Minhas pernas quase falharam, e meu corpo todo estava tenso, os sentidos aguçados como nunca. Olhei para o corredor escuro, incapaz de ver o que se aproximava. O medo crescia dentro de mim, cada vez mais forte, até que tudo o que eu conseguia ouvir eram os passos, mais perto... cada vez mais perto.

Eu saí da sala de jantar em um impulso, tentando me afastar dos passos que agora ressoavam com uma intensidade que fazia meu coração bater na garganta. A escuridão parecia se fechar ao meu redor, tornando cada passo meu mais apressado e incerto. O corredor era longo demais, e o silêncio entre os ecos dos meus pés e aqueles passos que vinham logo atrás de mim deixava o ar insuportável. As sombras dançavam pelas paredes, criadas pela luz vacilante das velas que pareciam querer apagar-se a cada segundo. E mesmo enquanto me distanciava, eu ainda podia ouvir — os mesmos passos, sempre atrás de mim.

Cheguei ao saguão e, sem hesitar, comecei a subir as escadas, meus pés mal tocando cada degrau. O medo agora pulsava em minha mente como um tambor descontrolado. Sabia que tinha de sair dali, que precisava me esconder. Mas mesmo após ter subido, os passos continuavam, persistentes, acompanhando meus movimentos, mais próximos do que eu queria admitir. O peso do medo era esmagador.

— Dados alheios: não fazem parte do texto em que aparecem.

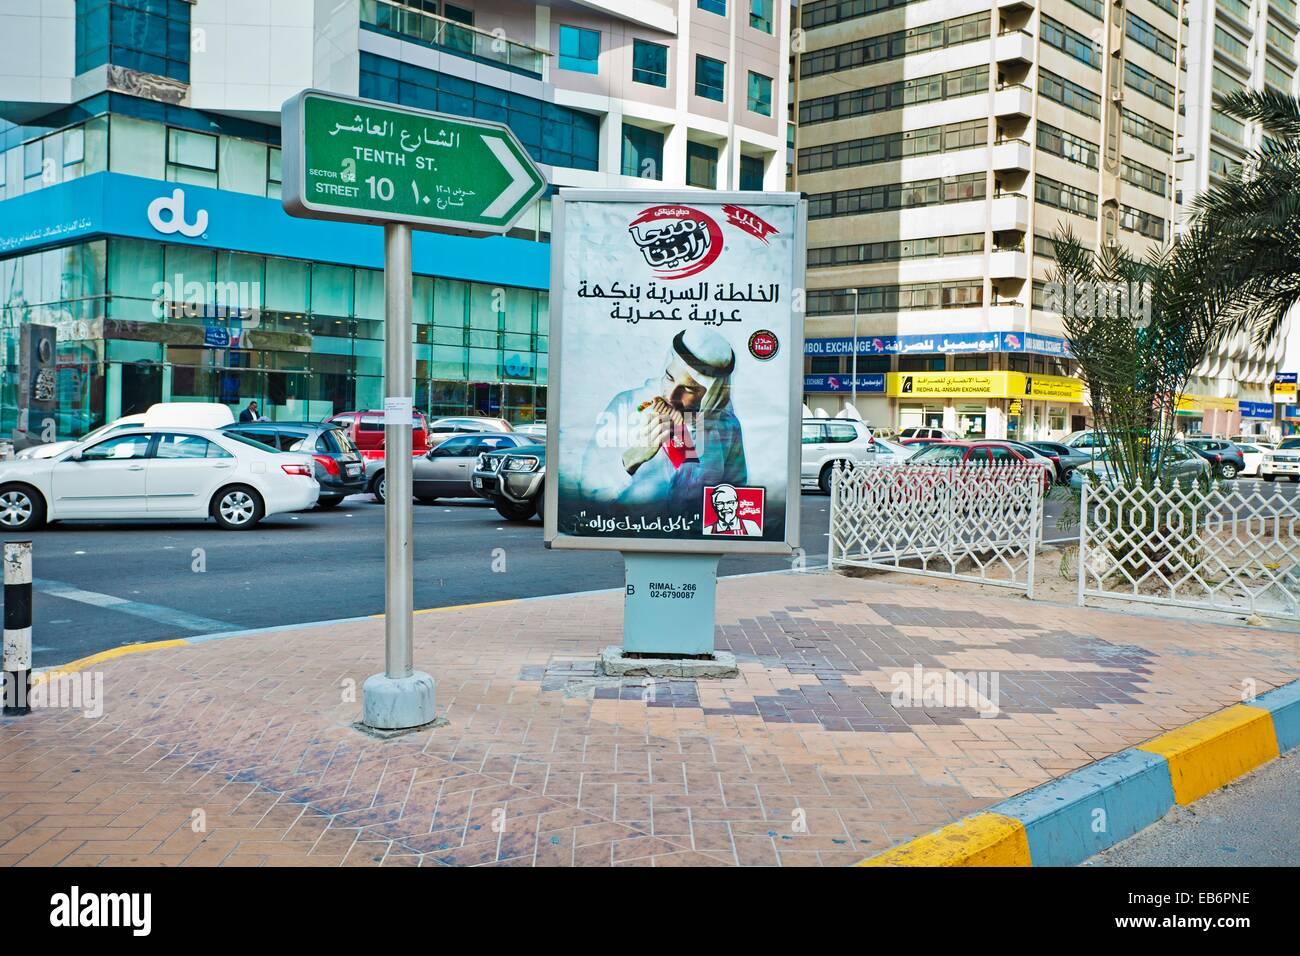 Filipina rencontre Abu Dhabi sites de rencontres fausses publicités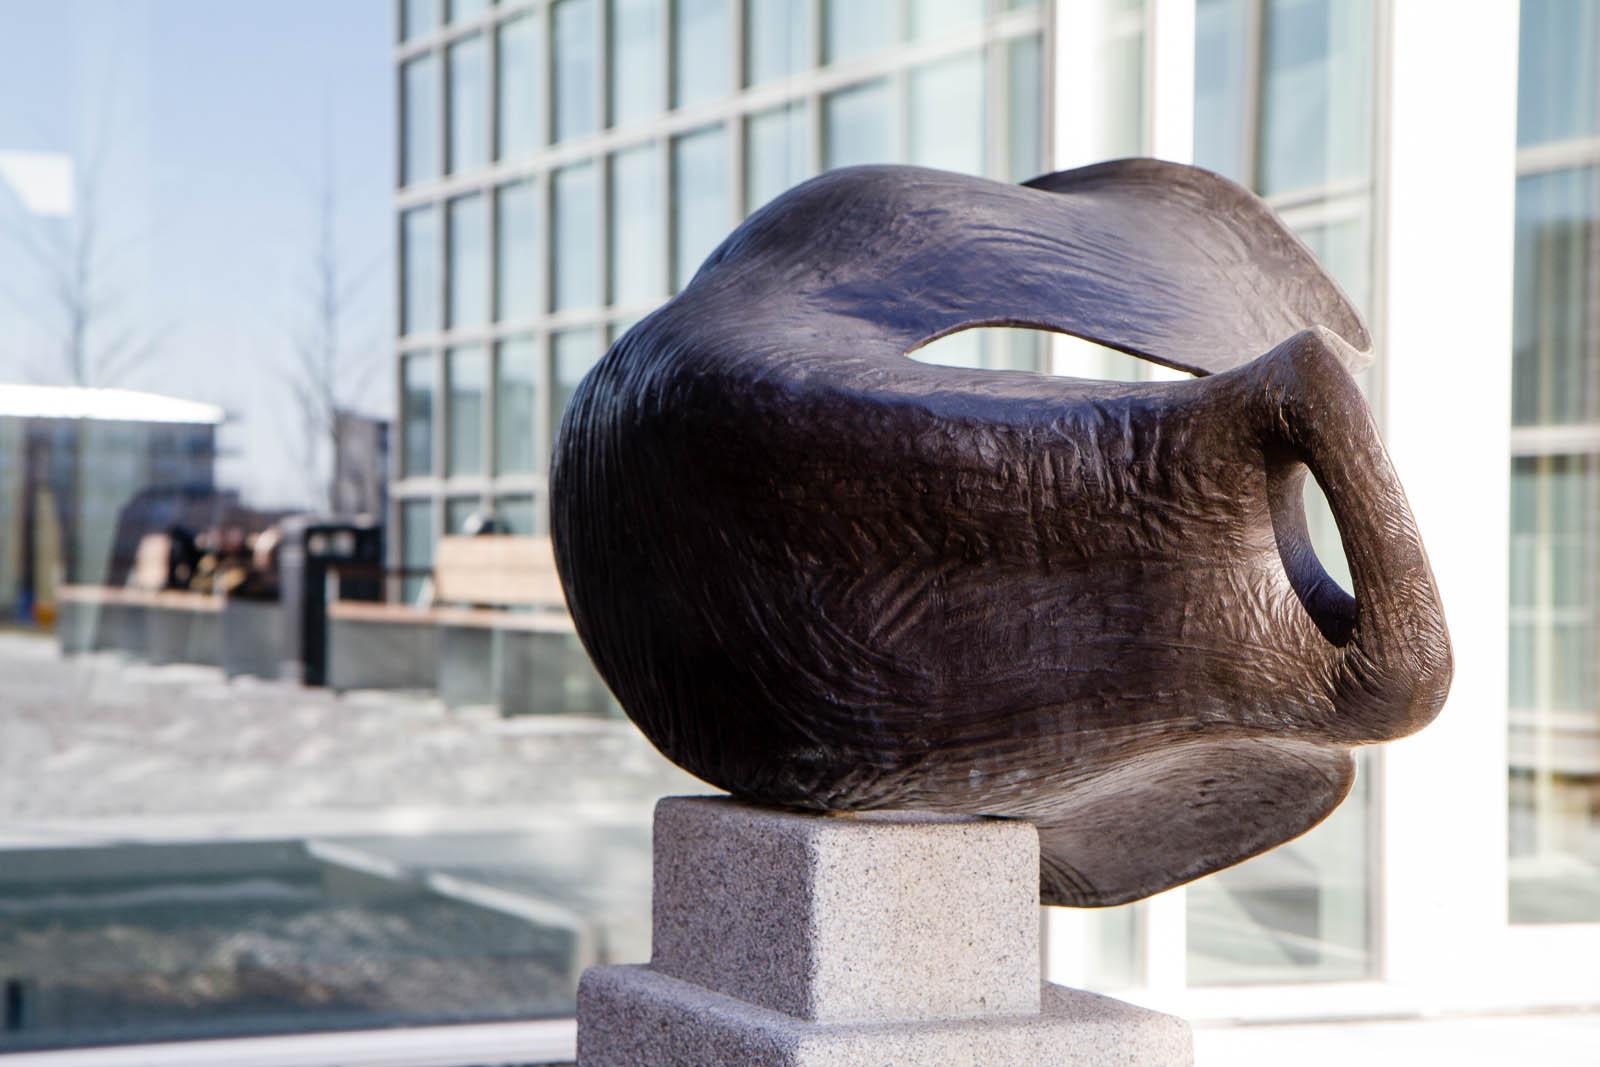 Rundad bronsskulptur. Carl Boutard, Into The Wild (2013)

Chegando ao corredor, acelerei. As velas ao longo do caminho tremulavam violentamente enquanto eu passava, o ar frio quase as apagando pela rapidez com que eu corria. Minha respiração estava descompassada, meus olhos procurando desesperadamente a porta do quarto. A cada novo som de passos atrás de mim, sentia o chão se afundar mais, como se algo estivesse prestes a me alcançar.

Entrei no quarto em um rompante, fechando a porta com rapidez e pressa, tentando não fazer barulho, mas o rangido parecia ecoar como um trovão na quietude. Encostei-me na porta, o coração batendo tão forte que parecia querer sair do peito. Eu sabia que precisava me controlar, mas minha respiração era alta demais, desordenada demais. Tremendo, levei o punho à boca, mordendo-o para abafar o som desesperado da minha respiração. Tentei ouvir algo além do pulsar do meu coração. E então, lá estavam eles de novo. Os passos. Lentos, firmes, aproximando-se do quarto.

Meu corpo inteiro estava rígido de terror, como se cada músculo estivesse à beira do colapso. Ouvi claramente quando os passos pararam. Exatamente do outro lado da porta. Eles estavam lá. Alguém, ou algo, estava ali. Um instante que pareceu uma eternidade se passou, o silêncio voltando, impenetrável.

E então, os passos começaram a se afastar, dessa vez vagarosamente, até desaparecerem por completo. O alívio que senti ao ouvi-los se desvanecer foi quase tão forte quanto o medo que os precedera, mas ainda não ousava me mover. Fiquei parada, ainda mordendo o punho, com a respiração pesada, tentando entender o que acabara de acontecer.

Foi alguém da família? A pergunta ecoava na minha mente, sombria e desconfiada. Havia mais alguém acordado àquela hora, ou estava sendo vigiada por algo que eu ainda não compreendia?